Gaining Muscle with Protein
Gaining weight and building muscle go hand-in-hand, though gaining weight doesn’t necessarily mean gaining fat. Muscle is heavy and dense, which means you inevitably have to bulk up in a literal sense to build it.
Tips for gaining muscle
Muscle building goes beyond eating more, you have to consume more protein to avoid accumulating too much body fat.
Protein is necessary for muscle growth and repair – you need it to get ripped and stay that way.
Muscles are built over time through a constant cycle of stress and repair, and the recovery period after an intense workout is critical to building mass.

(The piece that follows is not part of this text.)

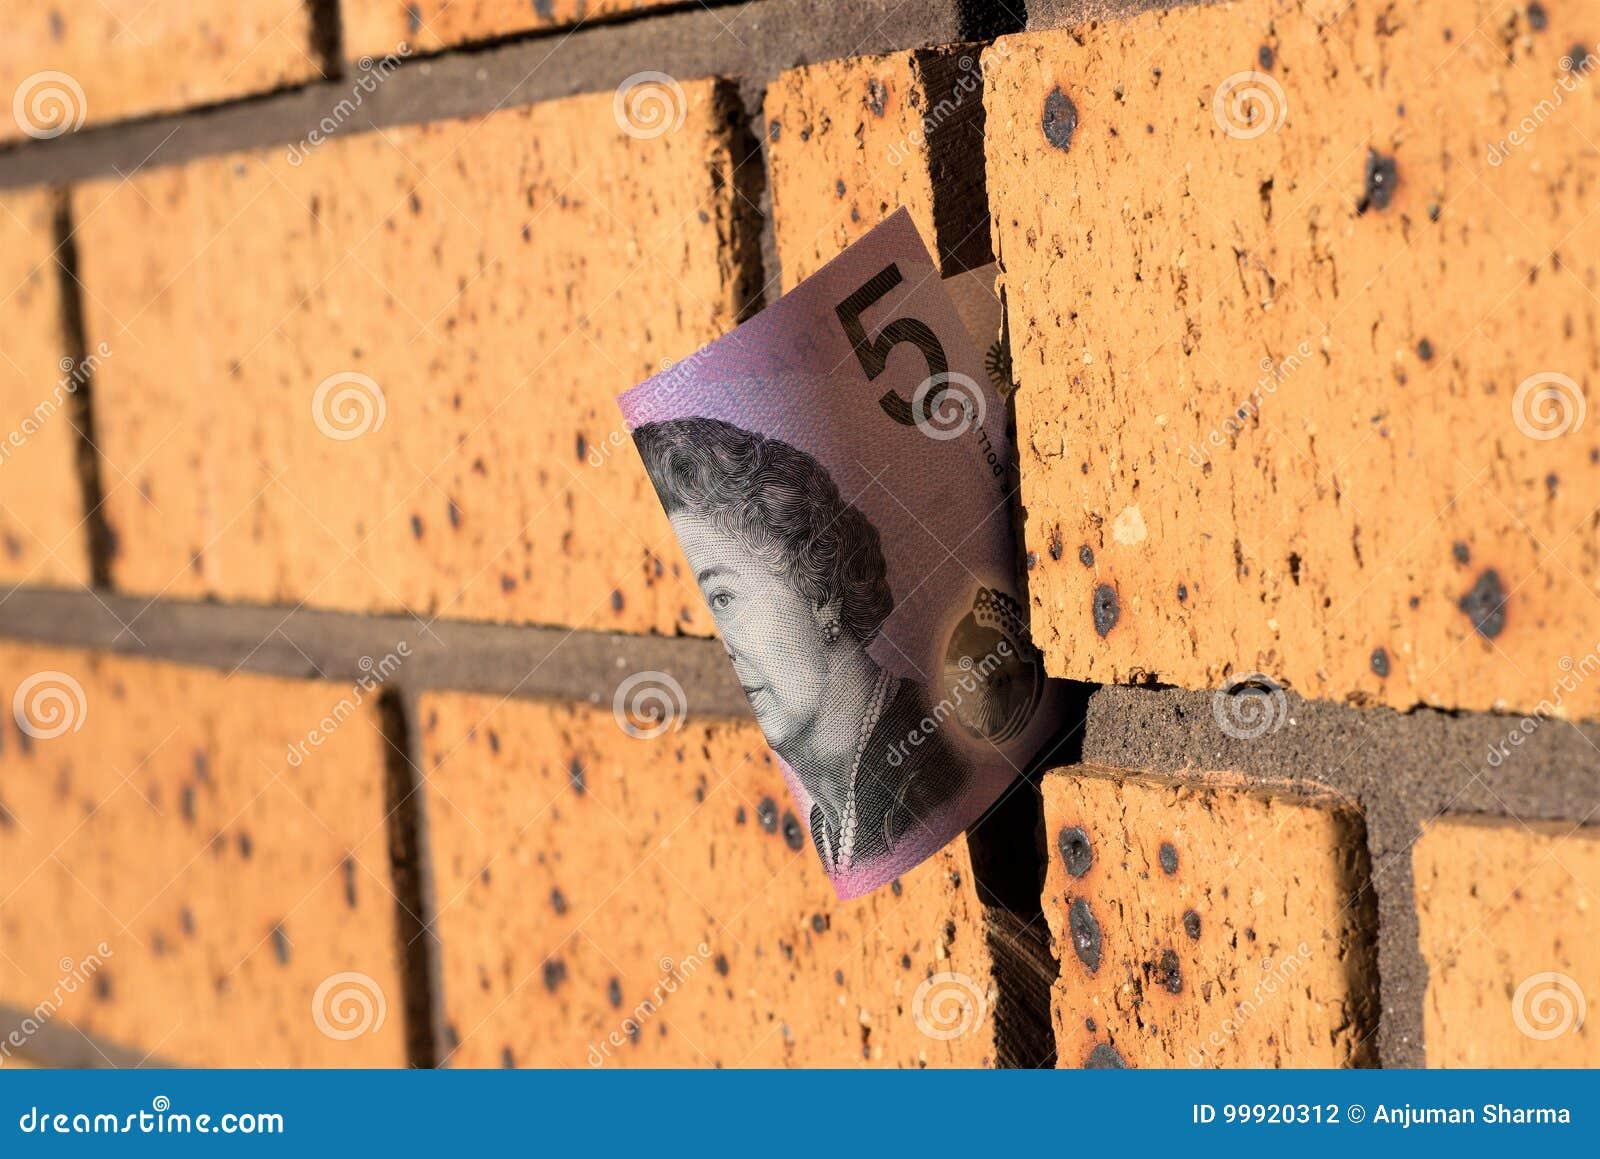 Australier fem dollar anmärkning på väggen

Adequate protein and calorie intake give you the energy to make it through each gym session and ensure your muscles repair properly afterward.
You Need Calories to Gain Weight
There’s no way to get around it, muscles need calories. Specific caloric needs will vary depending on your height, age, and level of daily physical activity.
However, if you’re looking to bulk up, you’ll need more calories than you’d think.
Generally, you’ll be looking at a minimum of a solid 2,000 calories or more.
You’ll want to have a caloric net gain – in other words, take in more calories than you expend in a day. A nutritionist can help you work out the specifics and set a diet plan that works best for you.
Put another way, you get stronger by lifting weights and training, but you grow bigger by eating a surplus of calories.
But not all calories are the same when it comes to building muscle. Muscle burns twice as many calories as fat and, in particular, requires a hefty amount of protein to maintain.
The same discipline you apply to your strength training routine also needs to carry over to your diet. Nutrition and protein matter just as much as your rep count.
You Need Protein to Gain Muscle Instead of Fat
As important as increased caloric intake is for muscle building, there’s a difference between getting in your calories from Twinkies versus protein powder.
You may be tempted to eschew all other macros from your diet in favor of protein and leave your overall calorie intake untouched, but that’s actually a pretty big mistake if done incorrectly.
Protein and overall caloric intake need to both be increased in order to build muscle without causing damage to other parts of your body.
On the other hand, ketogenic diets, which drastically cut carbs to increase fat and protein consumption, are growing in popularity.
These diets are best started under the supervision of a doctor or trained nutritionist, who can help you keep your diet balanced in other ways.
You need more protein to build muscles, but you can’t sacrifice other important nutrients in the process – otherwise, you’d be sabotaging yourself.
Using a Muscle Gainer Protein Powder
In the end, it’s all about finding the right balance. We all need the same basic nutrients to survive, but you have to change your diet if you want to change your body.
One of the best and easiest ways to ensure you get the calories and protein you need is through weight gainer protein powders.
A lot of people looking to bulk up to have trouble gaining the necessary weight, especially when a diligent muscle exercise routine is undertaken. This is where a weight gainer fortified with protein comes into play.
These powerful supplements are good sources of additional protein when your normal diet just isn’t enough.
What can a good mass gainer do for you? It can:
- Help you meet your specific calorie goals
- Help your muscles recover after a workout
- Fill any fat and protein gaps in your diet
- Provide supplemental vitamins to keep you energized
Different mass gainers can fulfill different needs depending on what you require, so you need to do your research.
For more detailed information on using protein powder for weight gain and the best brands out there, check out the best mass gainers guide.
And don’t forget to keep working at it – with the right diet and exercise plan, you’ll get where you want to be.